In 2026, the city of Portage, Indiana proposed Halas Harbor, a 300-acre site for a new stadium and entertainment district on the Lake Michigan waterfront that would be rent-free and privately funded.

In February 2026, it was reported that several senators from Iowa were sponsoring a bill called Senate File 2252 which would provide financial incentives for an NFL team to build a stadium in the state if the stadium costs $1 billion or more, with the hopes that they could lure the Chicago Bears.

==Earlier proposed stadium locations==

===Comiskey Park===
In 1971, the White Sox offered to have the Bears play in Comiskey Park, which was their home ballpark, as well as the former home of the NFL's Chicago Cardinals, but Halas declined out of respect for the Cubs.
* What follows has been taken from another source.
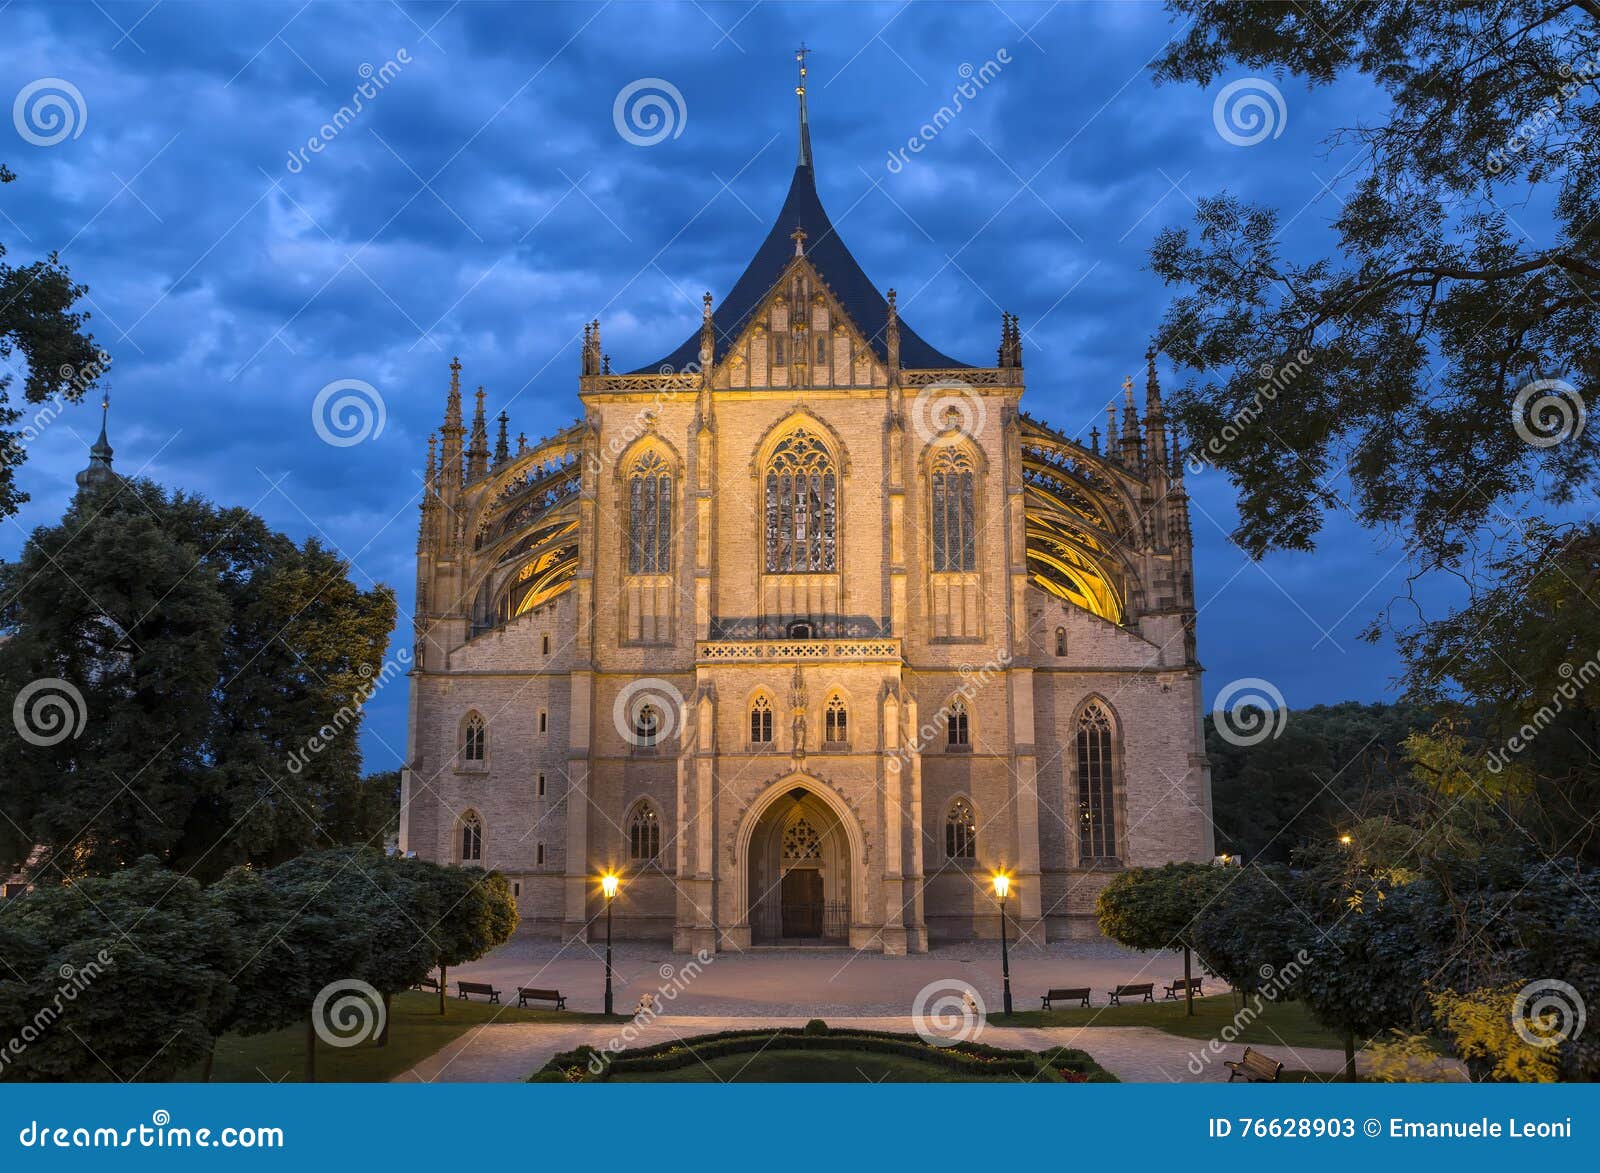 st. barbara cathedral in kutna hora, bohemia, czech republic.

In 1977, the Bears revealed they had contact with then-White Sox owner Bill Veeck about the use of the stadium as a temporary solution, as a result of the deteriorating state of Soldier Field. In 1980, the Chicago Tribune revealed that the Bears were considering playing their 1980 regular season games at the stadium if they couldn't sign a lease extension with the Chicago Park District, who owns Soldier Field. In 1998, then-Chicago mayor Richard M. Daley proposed that the Bears share a retrofitted New Comiskey Park with the White Sox.

===Arlington Heights===
In 1975, George Halas Sr. and George Halas Jr. announced plans to build a 76,000-80,000 seat stadium in Arlington Heights on the grounds of Arlington Park, sign a 35-year lease, and have the Bears begin playing there in 1977. The project would have cost $25–30 million, funded by revenue bonds issued by the village.
The project did not move forward due to concerns about its financing.
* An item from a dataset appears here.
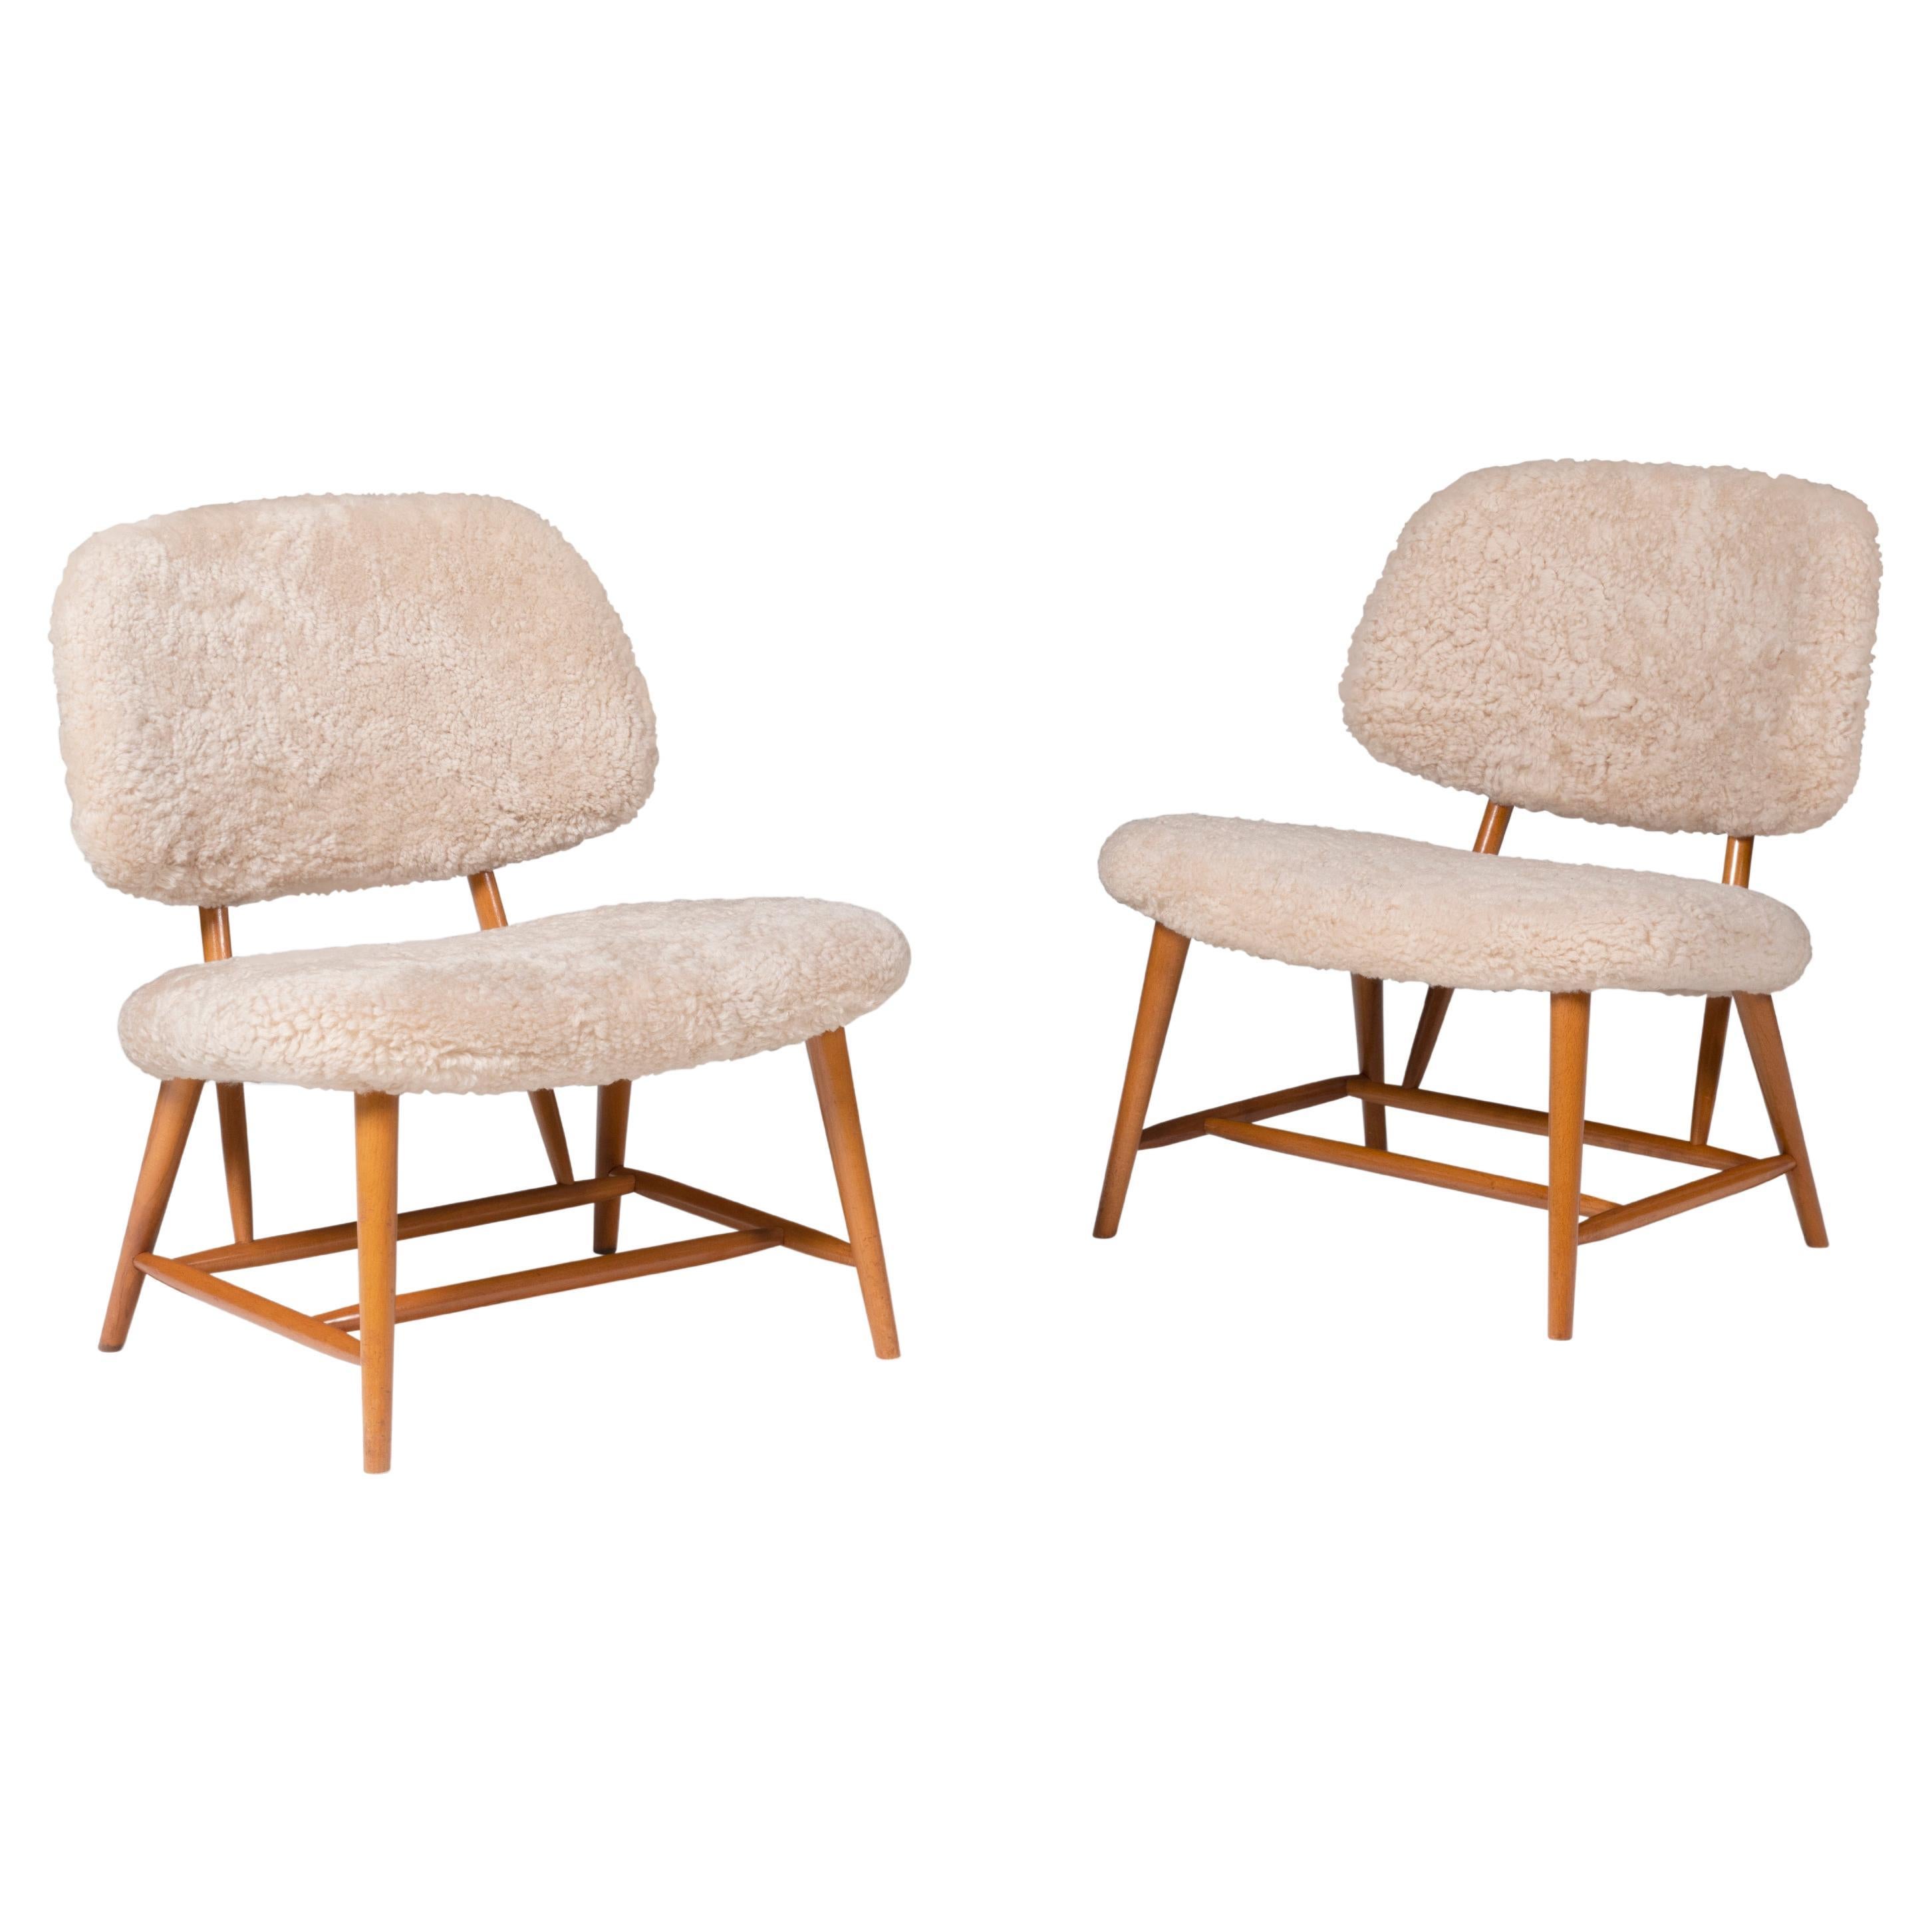 Pair of Swedish Modern Alf Svensson "Teve" Chair Reupholstered in Sheepskin

In the 1980s and 1990s, there were some mentions of a continuing relationship between the Bears and the owner of Arlington Park. Often, Michael McCaskey would mention that a stadium deal in Arlington Heights was still possible when he was facing difficulties in negotiating with the city of Chicago. For example, in 1990, he stated that that the Bears had not ruled out their proposals for stadiums in suburbs including Arlington Heights and Waukegan amid stalled legislation around the proposed expansion of McCormick Place in 1990.

===Northwestern University===
In 1970, the Big Ten waived its ban on professional teams using its stadiums for a single day and allowed the Bears played their first home game of the 1970 season at Dyche Stadium (later renamed Ryan Field) at Northwestern University. In 1971, before deciding to move to Soldier Field, the Bears signed a five-year agreement to play at Dyche Field, but it was ultimately blocked by the Big Ten. After the team's plan to move to Arlington Heights in 1977 fell through, the team re-examined the option to play at Northwestern University's Dyche Stadium. However, Evanston zoning ordinances continued to block the Bears from playing there.

===Notre Dame Stadium===
In 1978, upset over the potential loss of seating due to renovations at Soldier Field, George Halas Jr. proposed that the Bears move to Notre Dame Stadium in South Bend, Indiana, but he also said, "We don't even know whether a place like Notre Dame would let us in". In July 1980, the Bears approached the university officials with a request to play two exhibition games and eight regular season games for the upcoming season, but the team later signed a new 20-year lease agreement to stay in Soldier Field.

===Waukegan===
In 1987, after the Bears signed a memorandum to begin developing a site on Chicago's West Side, they also expressed interest in building a stadium in suburban Waukegan, Illinois. In 1990, Bears President Michael McCaskey said that a proposal to build a stadium in Waukegan was still on the table.

===West Side Stadium===
From 1986 to 1987, then-Chicago Mayor Harold Washington worked with the Bears on a number of proposals for stadiums. One option was for a stadium south of the Loop at at Roosevelt Road and the South Branch of the Chicago River, which was rejected by the Bears for being too costly. Then, Washington began exploring the possibility of building directly on the lakefront on publicly owned land directly south of Soldier Field.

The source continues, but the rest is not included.